DO: Rather shortly after coming to Cornell, there was a colloquium, and a solid-state seminar - one on dilution refrigerators. This was 67, and dilution refrigerator - the first demonstration was in 65, so these were very new devices. The other one was Pomeranchuk cooling, and that was a talk given by Bob Richardson.

I just looked at those new technologies as having the promise to allow man to look at nature in a new and very different realm, which was kind of a very simplistic view, because people had looked down, actually, to 2 millidegrees without finding superfluidity in helium 3. But it didn't matter - it had the necessary effect on me, which was that I signed on the line, and became a low-temperature physicist.

PH: So it was the fascination with the topic that drew you to those individuals.

DO: Yeah. I guess when I'd been a senior at Cal Tech, in order to get out of a third semester of advanced lab, I worked in what was becoming David Goodstein's low-temperature lab. Who'd just joined the faculty at Cal Tech, and had promptly gone off to Italy, one of his favorite places. So he wasn't around, but there were two guys there, one from UC-Riverside, and the other from Pomona -

You know, if you want, you can actually read a lot of this about my early career and all of these early decisions in my Nobel biography.

PH: Yes, I've actually looked at that. But it's great to get these extra insights.

DO: Okay. Well, Dave Lee and Bob Richardson came along with the lab, as far as that was concerned.

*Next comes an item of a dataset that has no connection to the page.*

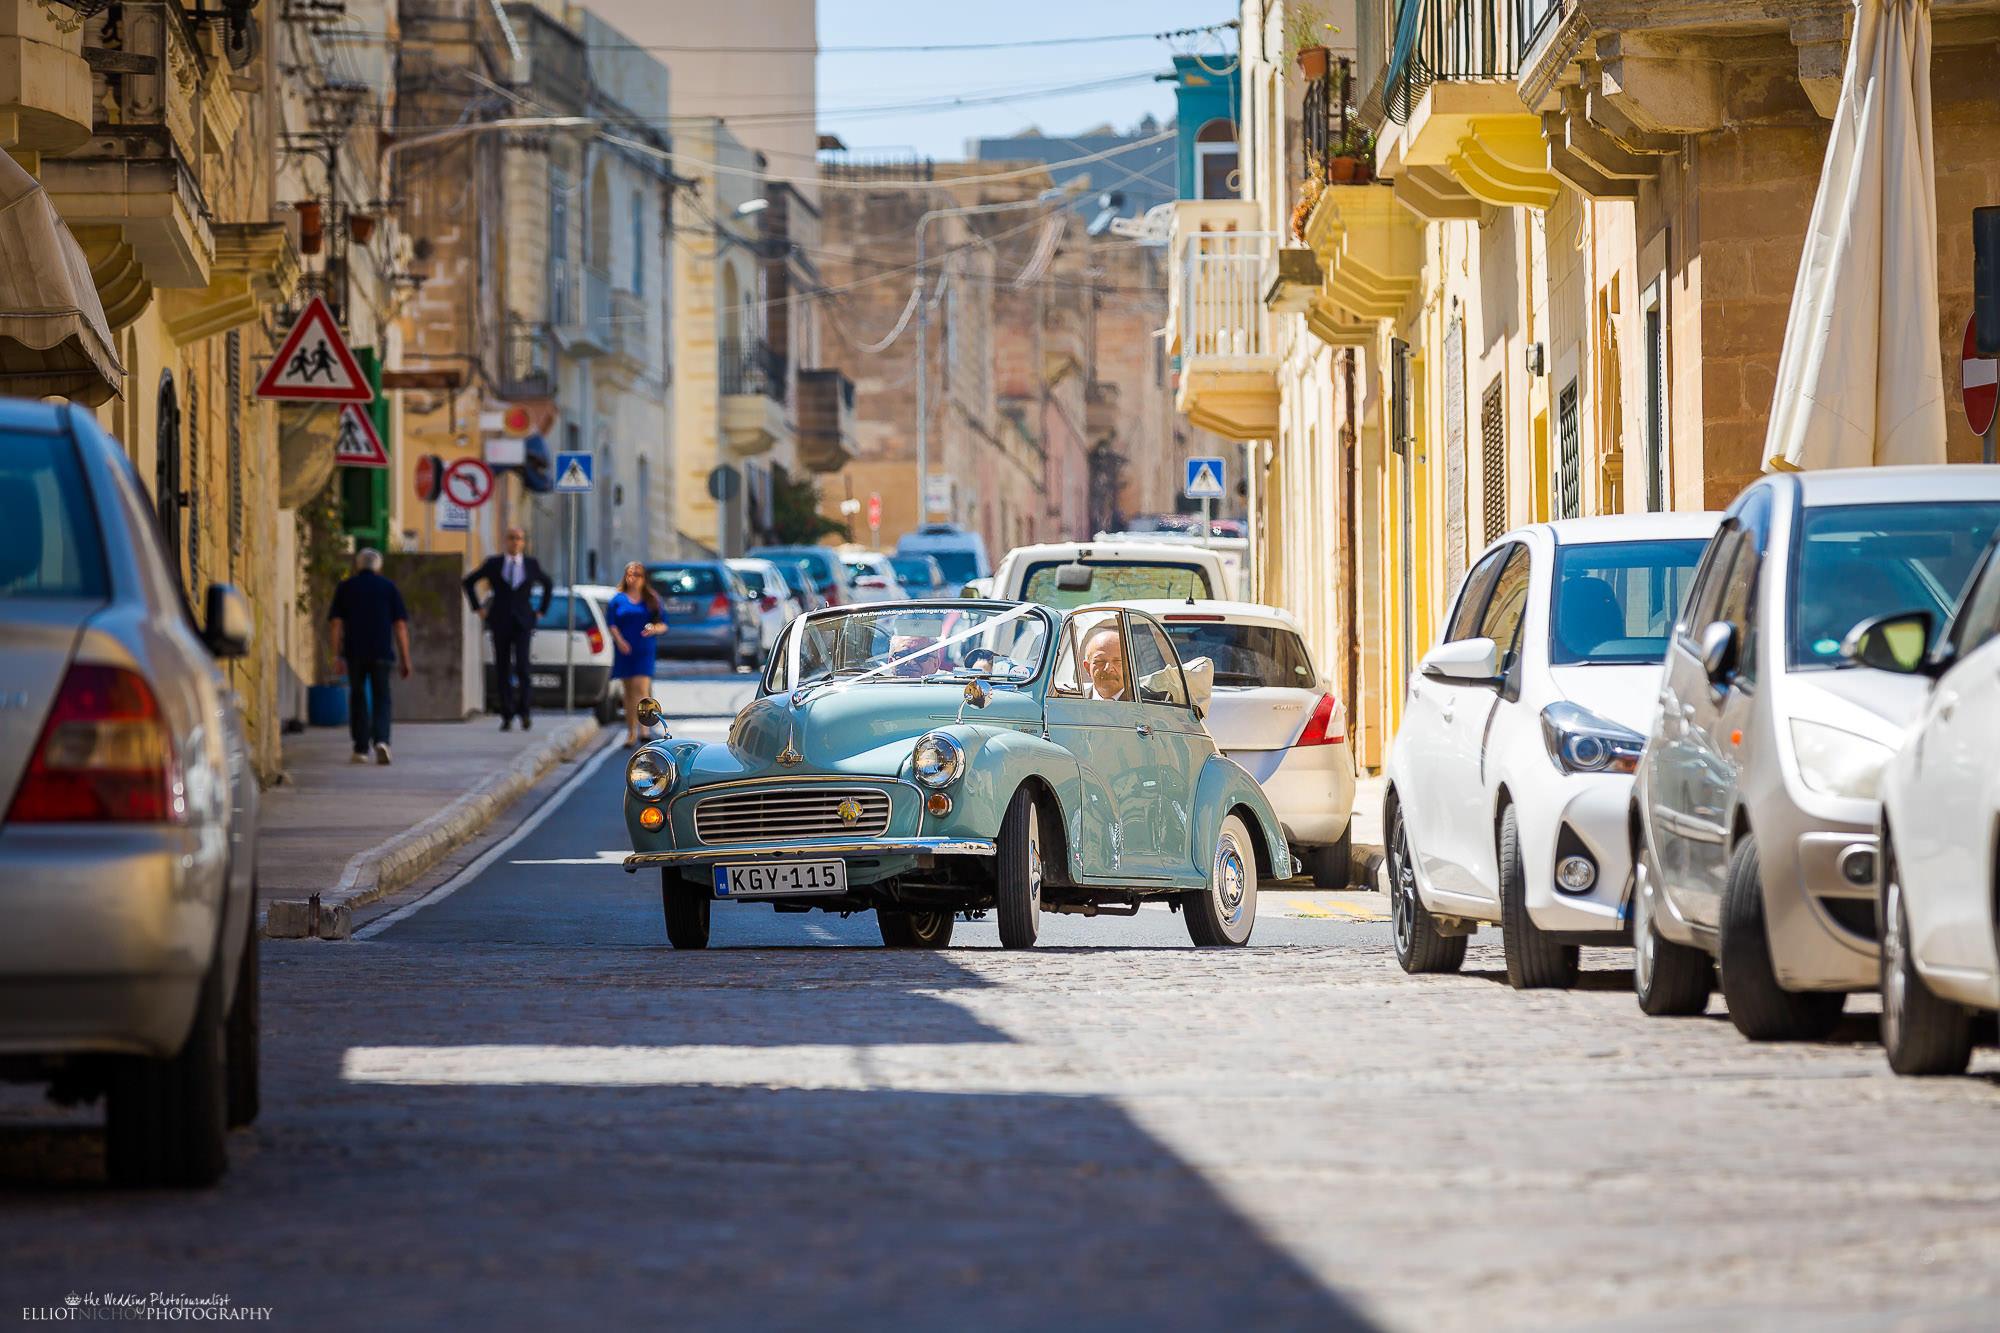 Morris-Minor-wedding-car-destination-weddings-Malta

When I went to Bell Laboratories, gee, there were great people. Phil Anderson played a very, very important role - I wouldn't say he was my mentor, but when I was at Bell Laboratories, most of the time, I would do the experiments, and people like Phil Anderson or Bill Brinkman, Mike Cross - all of these guys would do the theory. That's why it was such an exceptionally exciting place for me to be. You really did these things together. It wasn't like you threw out a bunch of observations and then someone else would explain it. You were part of this process.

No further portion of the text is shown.